Re: The Shah Reconsidered

Lewis's article explains the cultural foundation that gives rise to such flights of fancy.

Nothing you have said is even remotely connected to the Lewis article. You're trying to enter some nonsense about Iraq into an article that was written in 1990.

If anything, Lewis validates what the critics of American policy in the Middle East have been saying for a generation. He also says that the best thing for the US to do about it is - nothing, and let the Arabs handle it themselves. Islam he says, if anything, brings order to an otherwise chaotic society that had joined the hording crusaders of the west in the Middle Ages.

You never read the article, you can't even state the thesis of it, and as usual Jack, you have no idea what you're talking about. The only thing that is put to rest in it is the uninformed and specious myths propagated by America's ignorant right-wing.
 
Re: The Shah Reconsidered

So . . . how could a putative US "puppet master" have allowed such a thing? Perhaps because your narrative is without foundation? As the record makes quite clear, the Shah invested the preponderance of Iran's oil wealth in national development.

Jack most of the time our historical debates are ones based on what ifs.. but this is not a what if. The Shah as we know him due to a CIA and MI6 operation known as Operation Ajax and the reason why Operation Ajax was put into motion was because Mohammad Mosaddegh and the nationalist Government wanted to nationalize Oil, i.e.
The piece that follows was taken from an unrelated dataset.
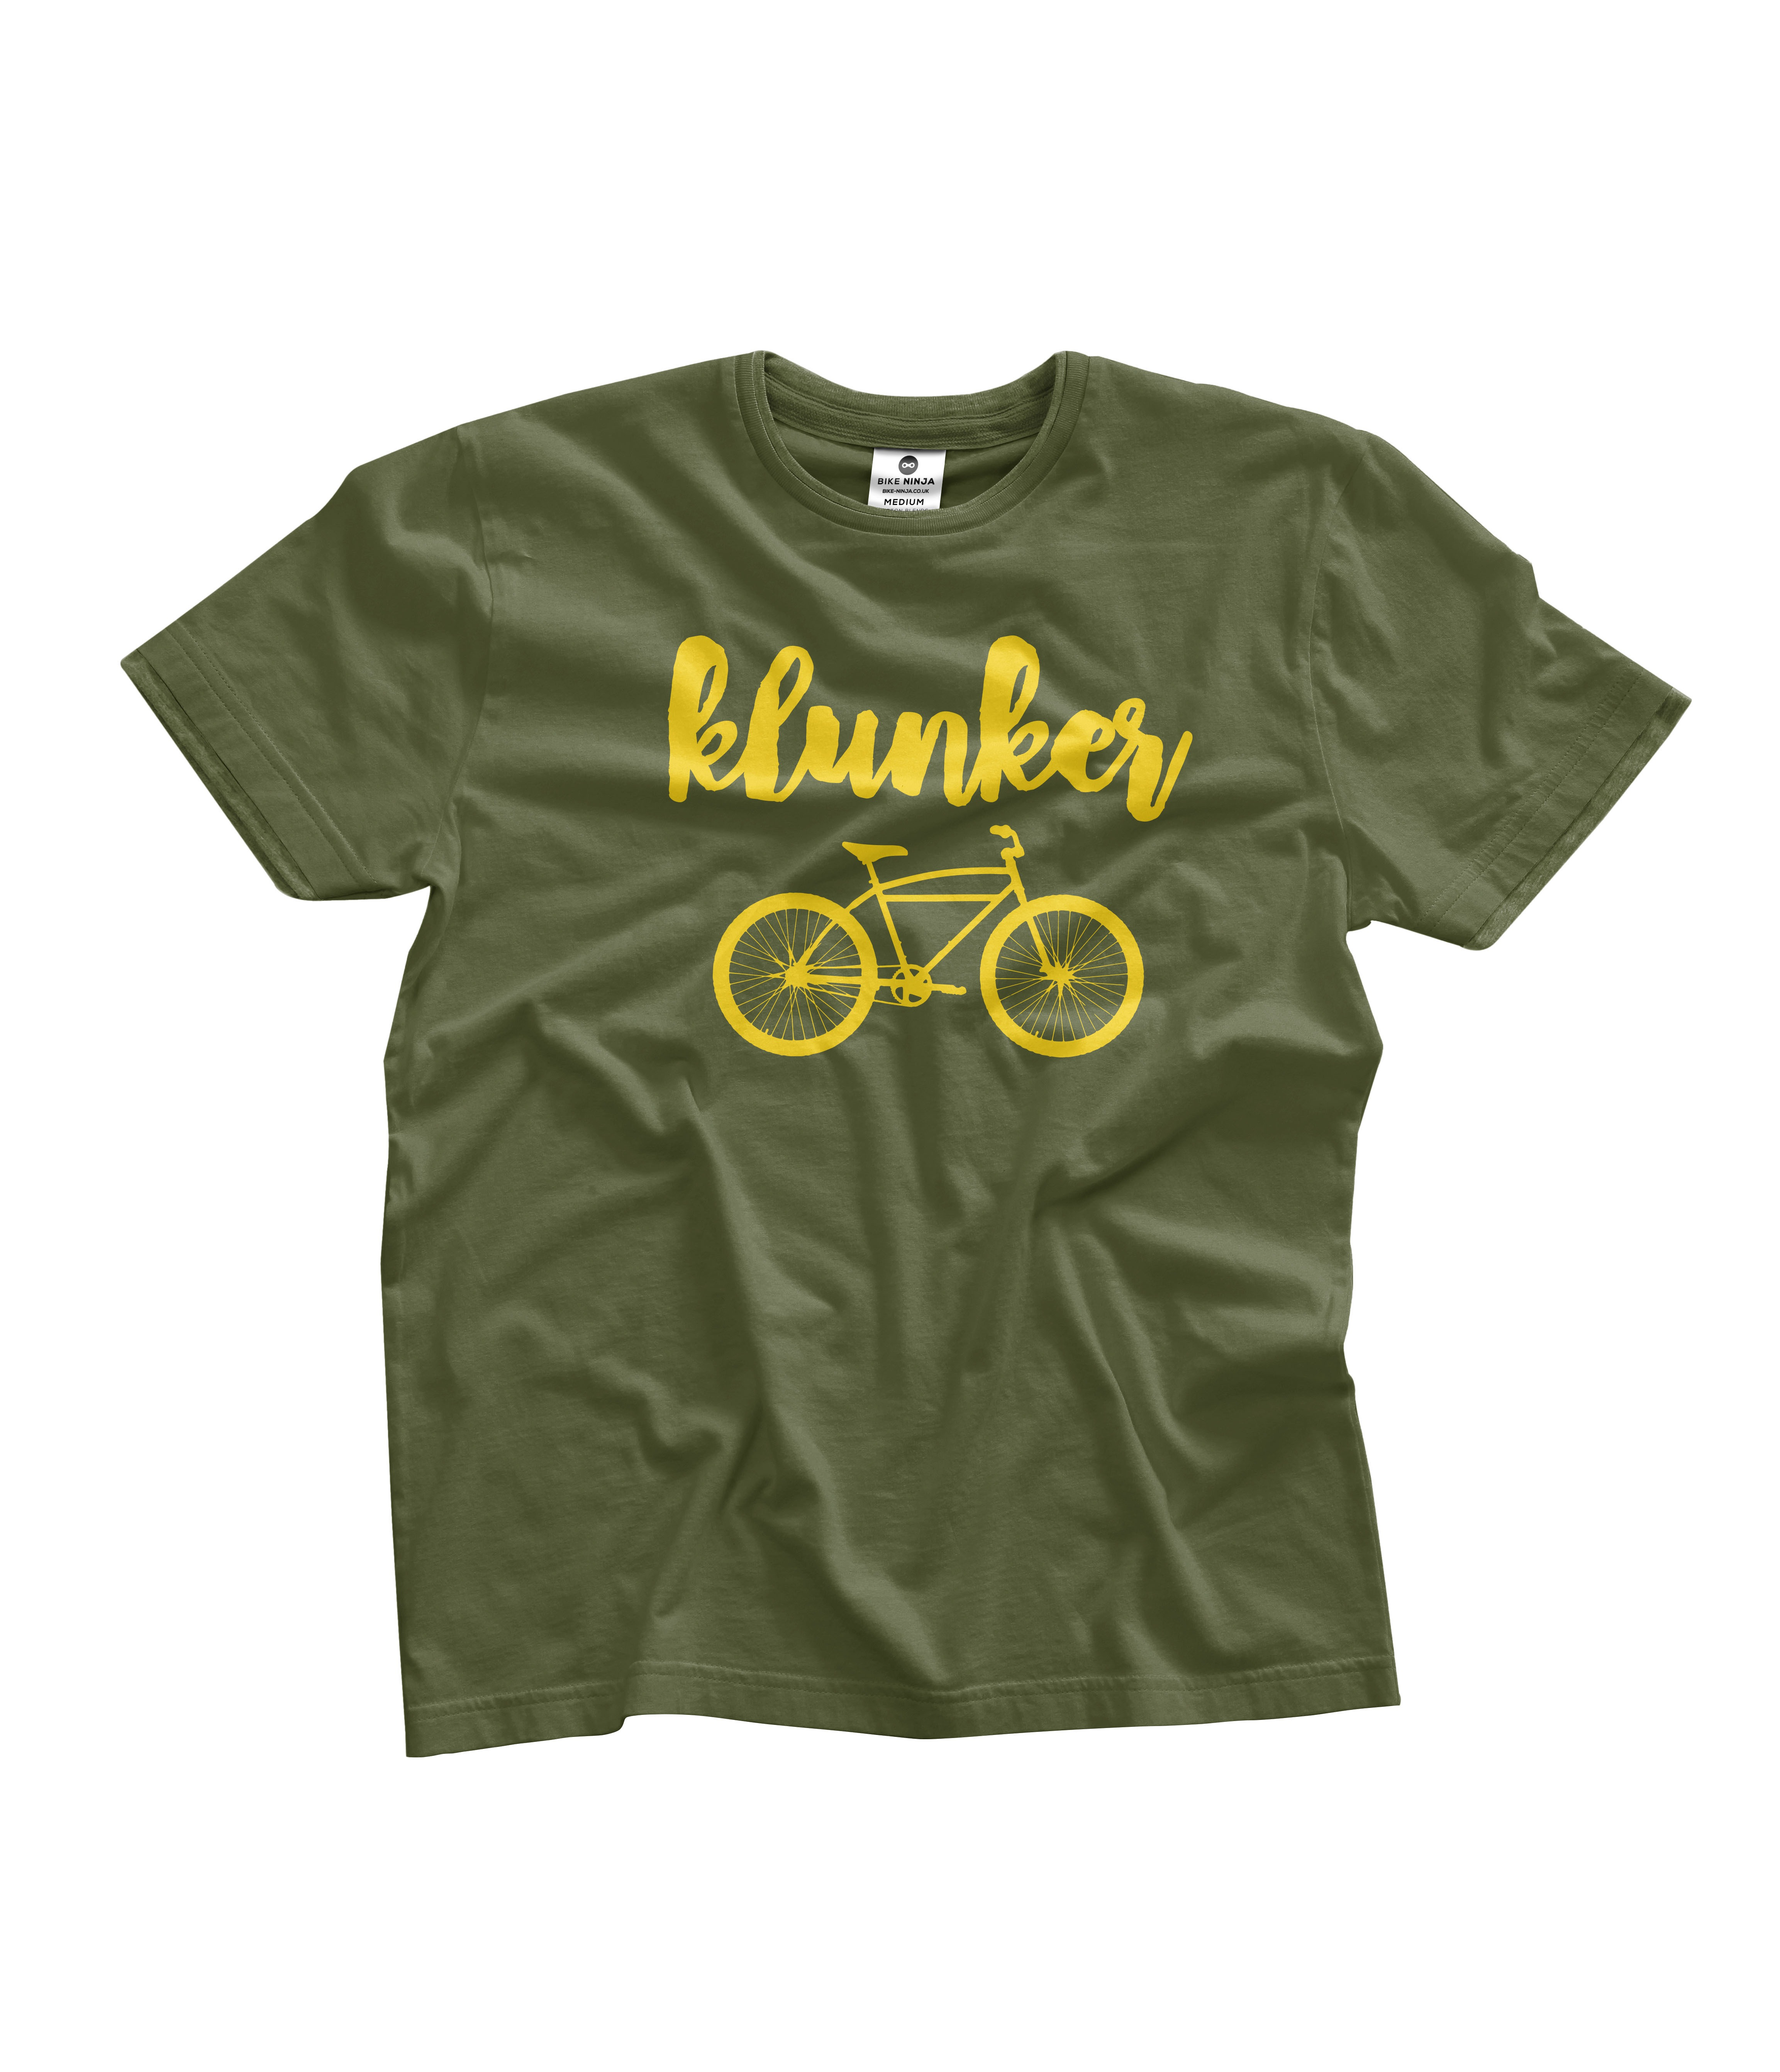 Greetings Card Cycling Bike Ninja Klunker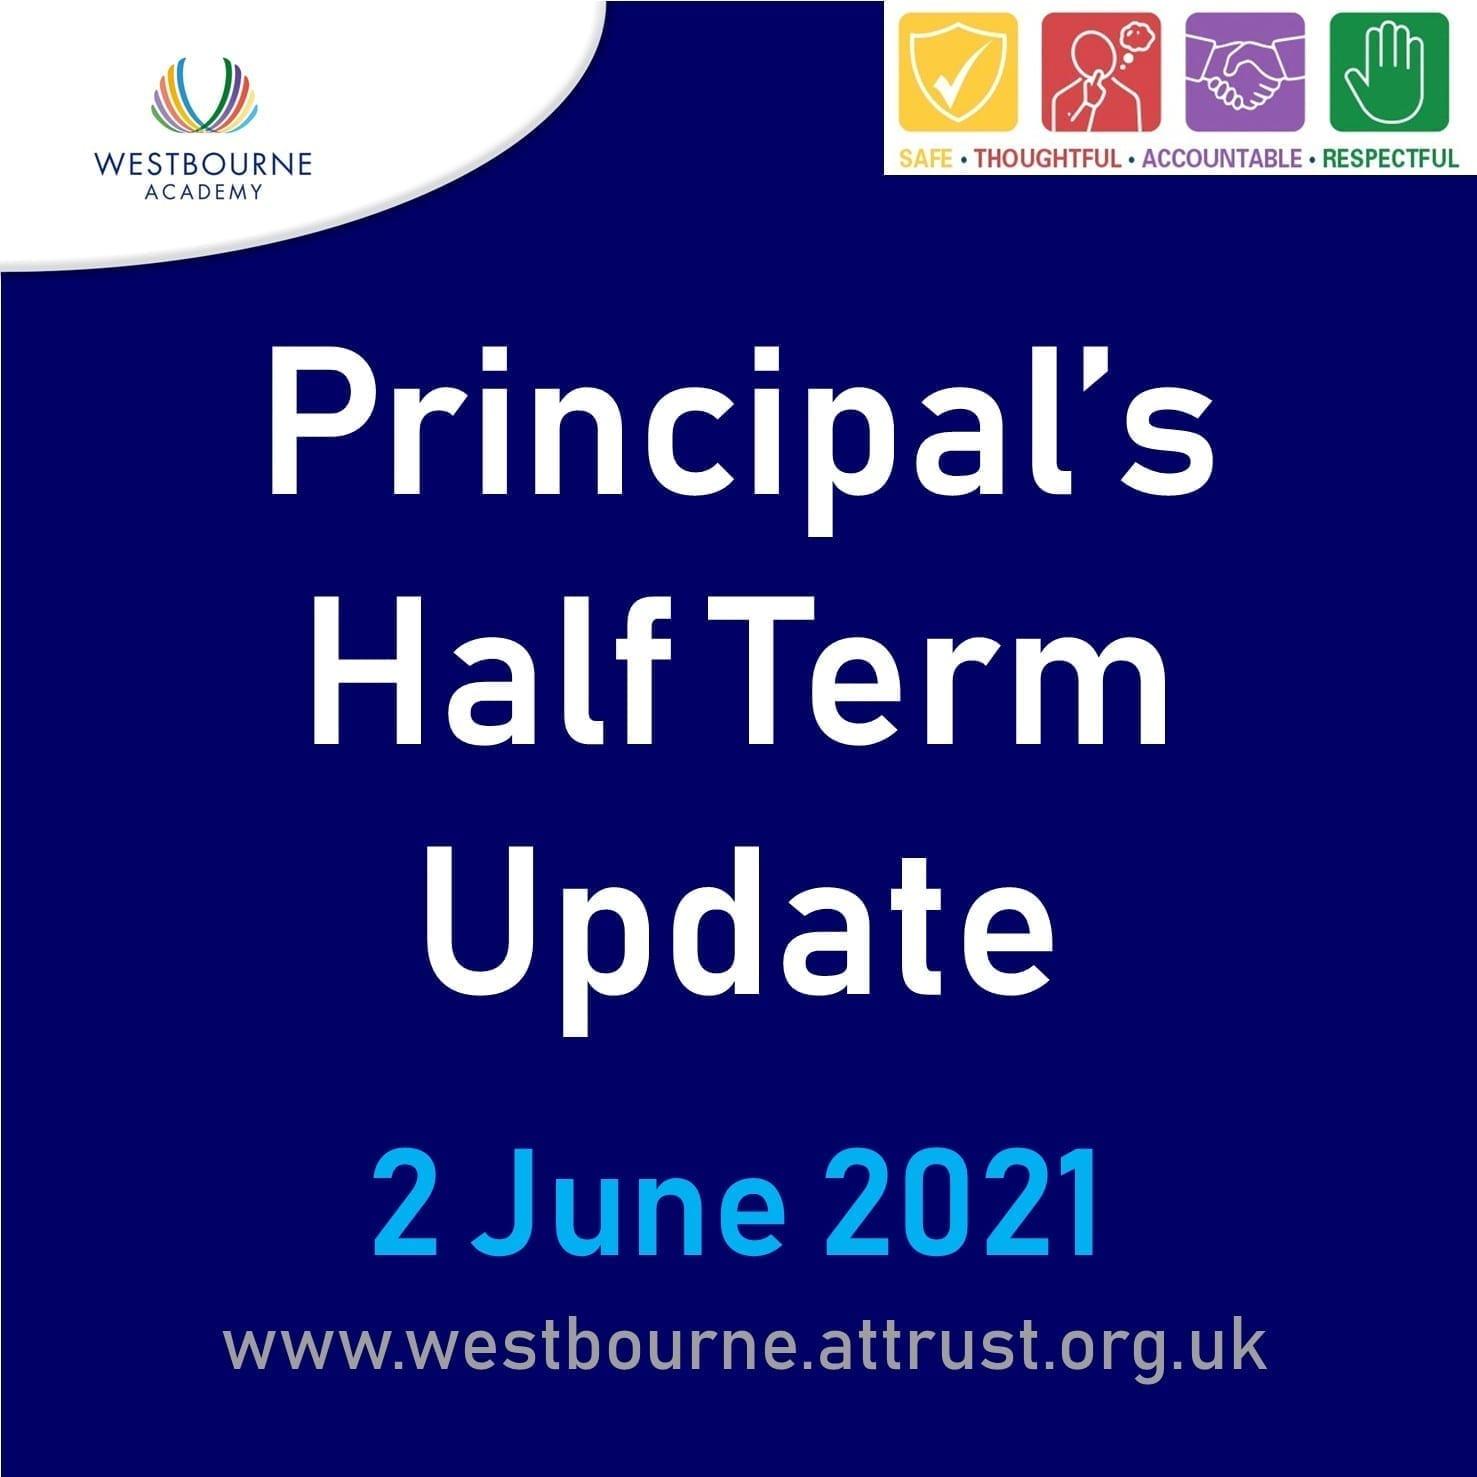 Principal's Half Term Update 2 June 2021

Anglo-Persian Oil Company. US overthrew a democratically elected Government to install the Shah.

Here are declassified documents on it.


Article in 2013 where the CIA admits to it.


US and UK didn't care if the Shah invest his pennies on the dollar from oil sales into development as they had the same agreement with the Kingdom of Saudi Arabia.

End of the day the Shah and his "Government" was brutal to people. Any disagreement and you disappeared. SAVAK made Abu Ghraib and anything CIA has done look like amateur hour.
 
Re: The Shah Reconsidered

Replacing it with an unimaginably more brutal and authoritarian sovereign. The mass graves of Khavaran cry out at the horror. Bahai, Tudeh, Zoroastrian, Homosexual, Montazeri-ite, Communist, Democrat, Dissident---all have been buried in the regimes graveyards for the crime of being undesirable.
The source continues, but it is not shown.